Date Published: August 2014

Abstract: This study examined the association between restrictive eating behaviors and binge eating in anorexia nervosa (AN) using data collected in the natural environment.Women (N = 118) with DSM-IV full or subthreshold AN reported eating disorder behaviors, including binge eating episodes, going ≥ 8 waking hours without eating, and skipping meals, during 2 weeks of ecological momentary assessment (EMA). Timelagged generalized estimating equations tested the following hypotheses: 1) dietary restriction would predict binge eating while controlling for binge eating the previous day; 2) binge eating would predict restriction the subsequent day while controlling for restriction the previous day.

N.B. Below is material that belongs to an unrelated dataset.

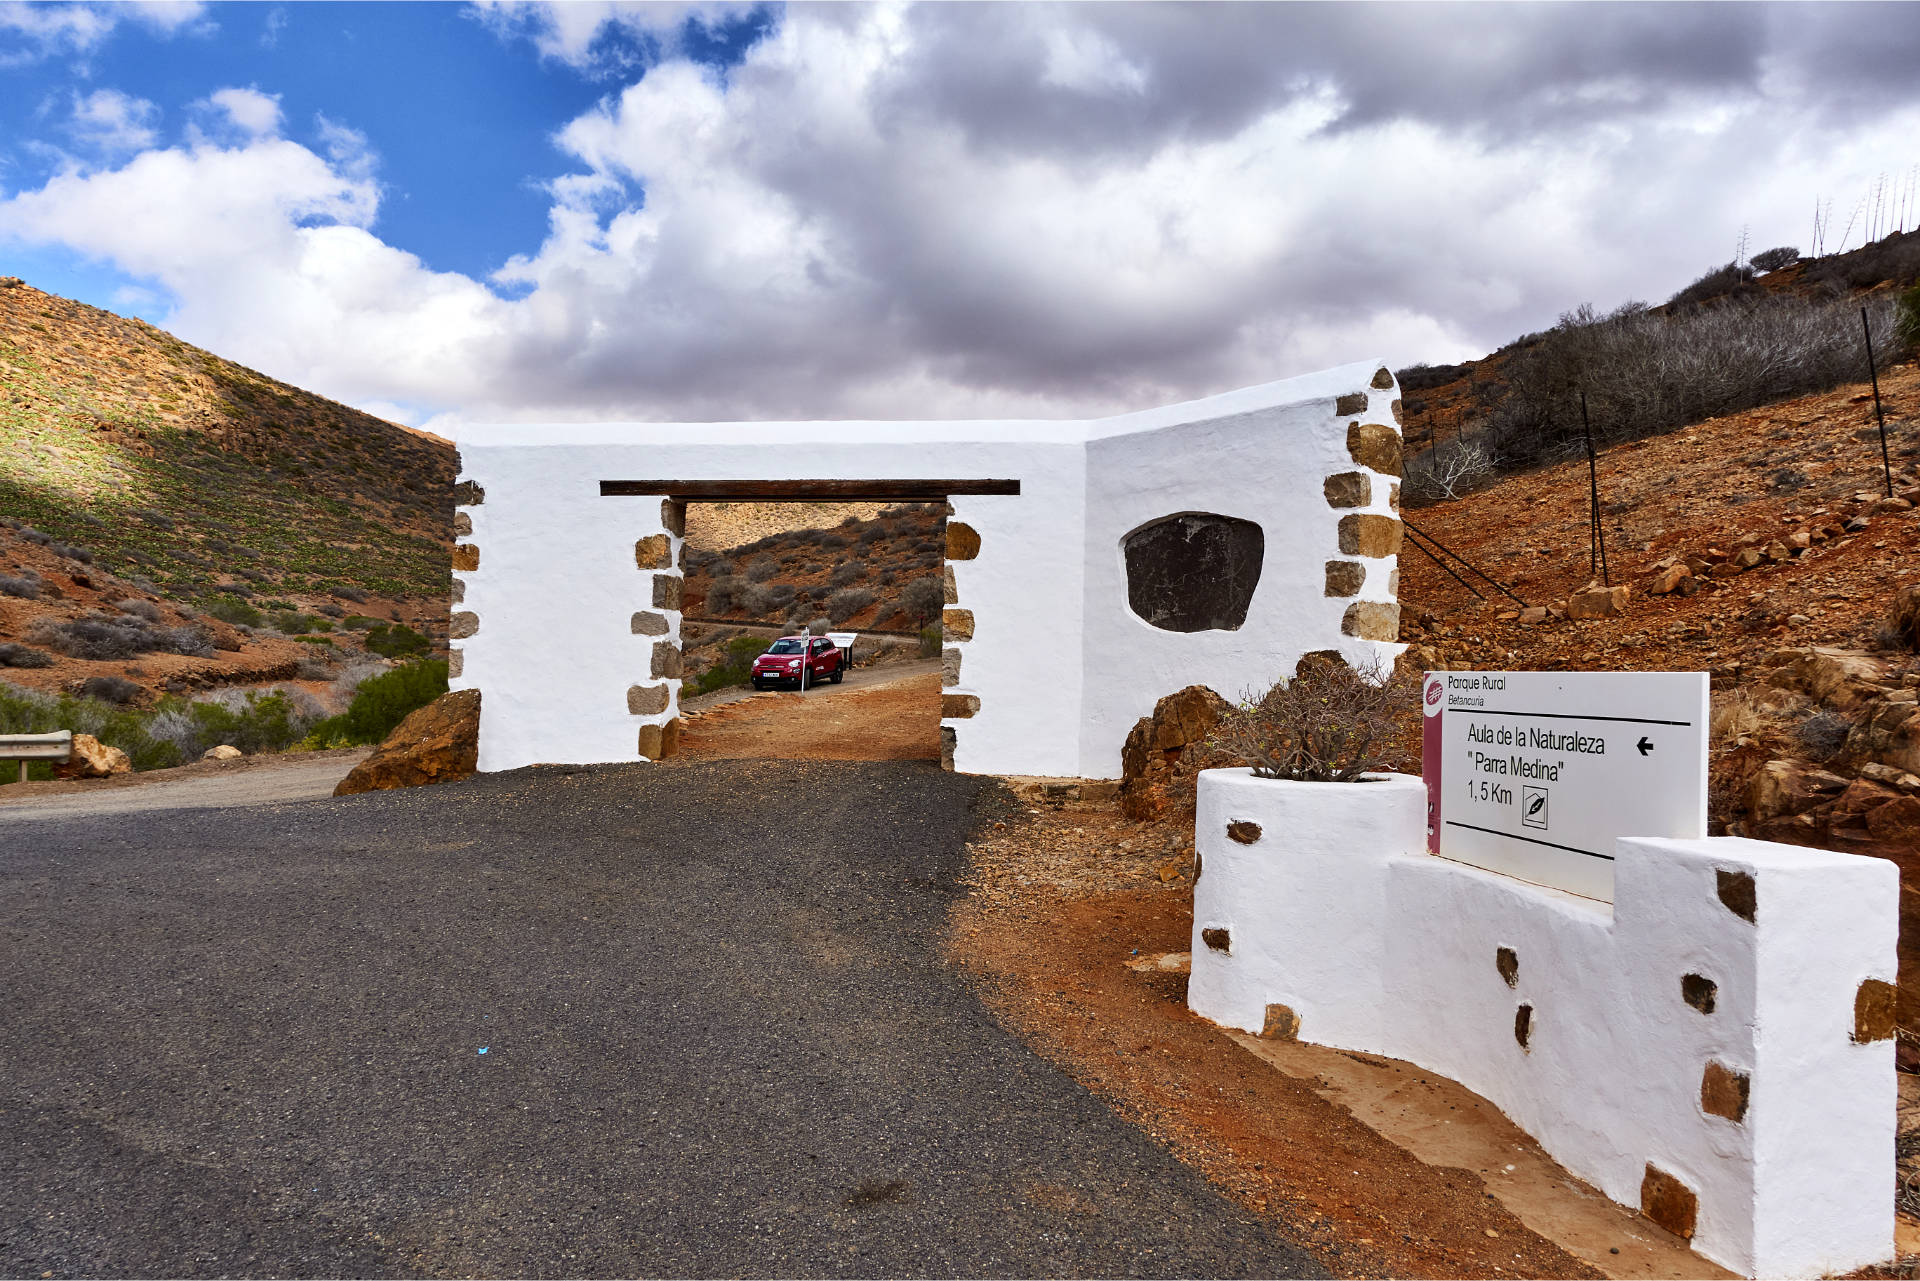 Start am Barranco de Palomares und dem Zugang zum Parra Medina an der FV-30 auf 327 m.
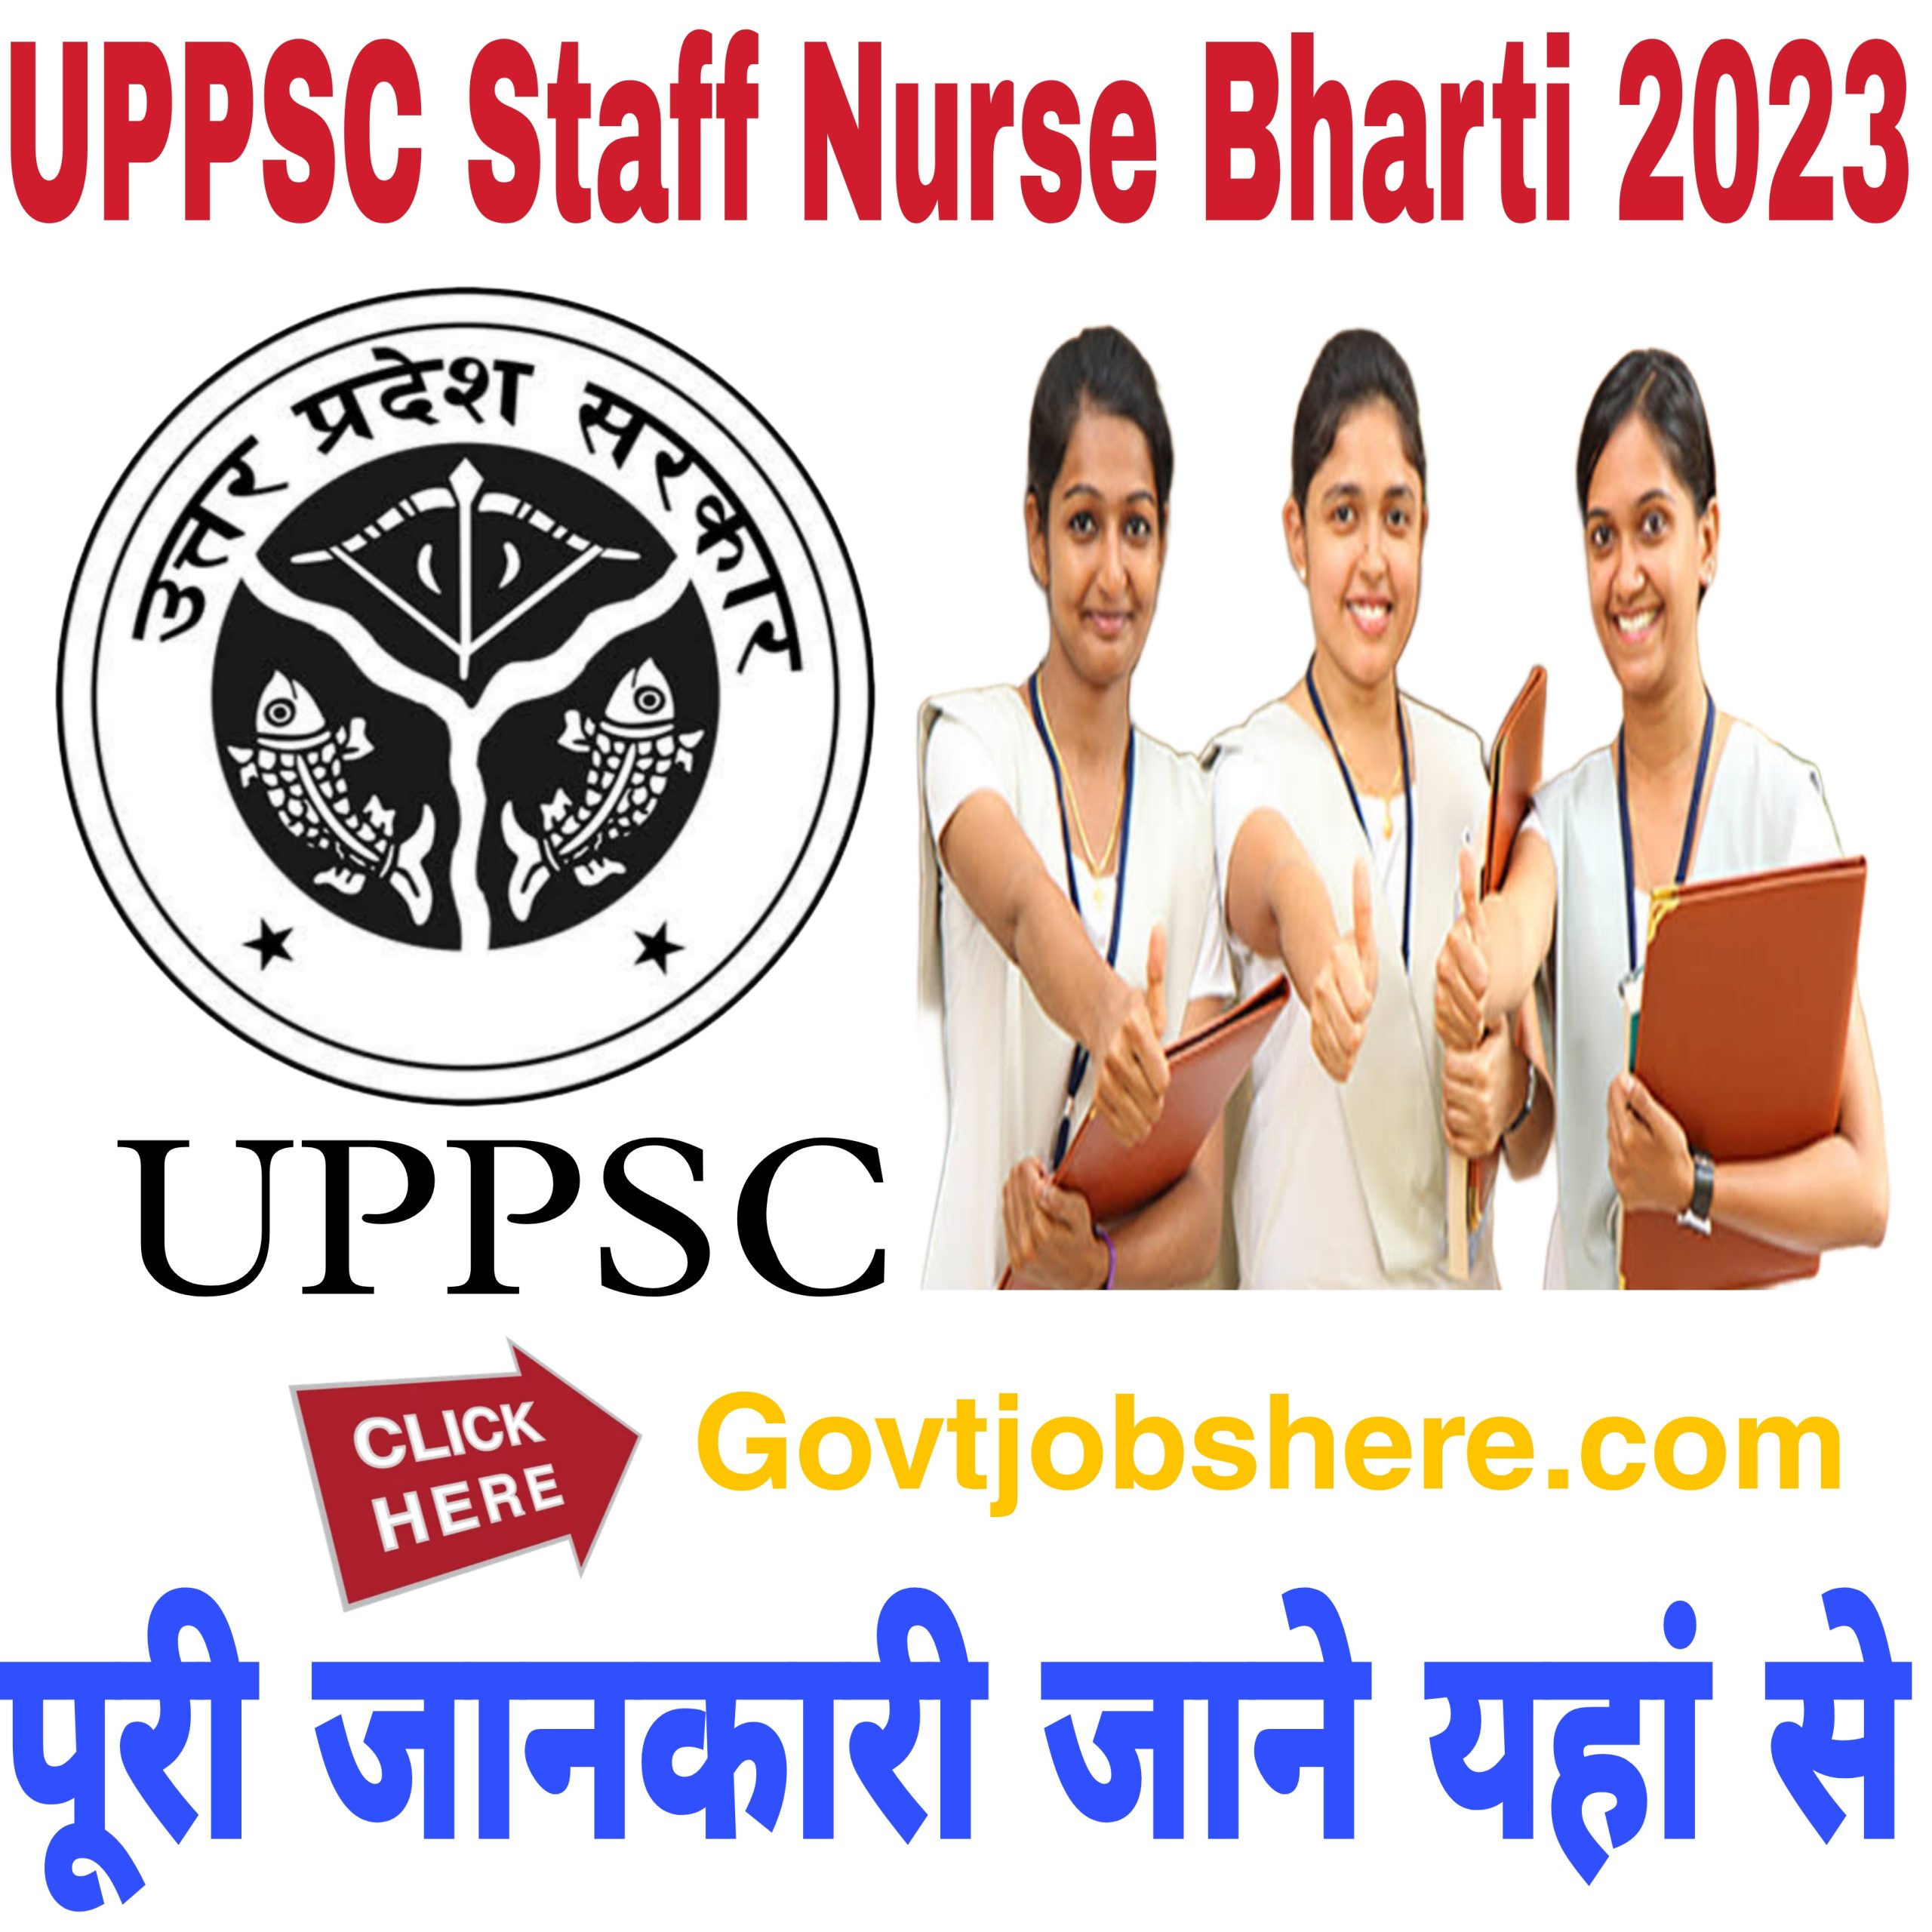 Uppsc Staff Nurse Recruitment 2023

After controlling for relevant covariates, the hypotheses were not supported; however, there appeared to be a cumulative effect of repeatedly going 8 consecutive hours without eating (i.e. fasting) on the risk of binge eating among individuals who recently engaged in binge eating. In addition, skipping meals was associated with a lower risk of same day binge eating. The relationship between binge eating and dietary restriction appears to be complex and may vary by type of restrictive eating behavior. Future research should aim to further clarify the nature of the interaction of binge eating and restrictive eating among individuals with AN in order to effectively eliminate these behaviors in treatment.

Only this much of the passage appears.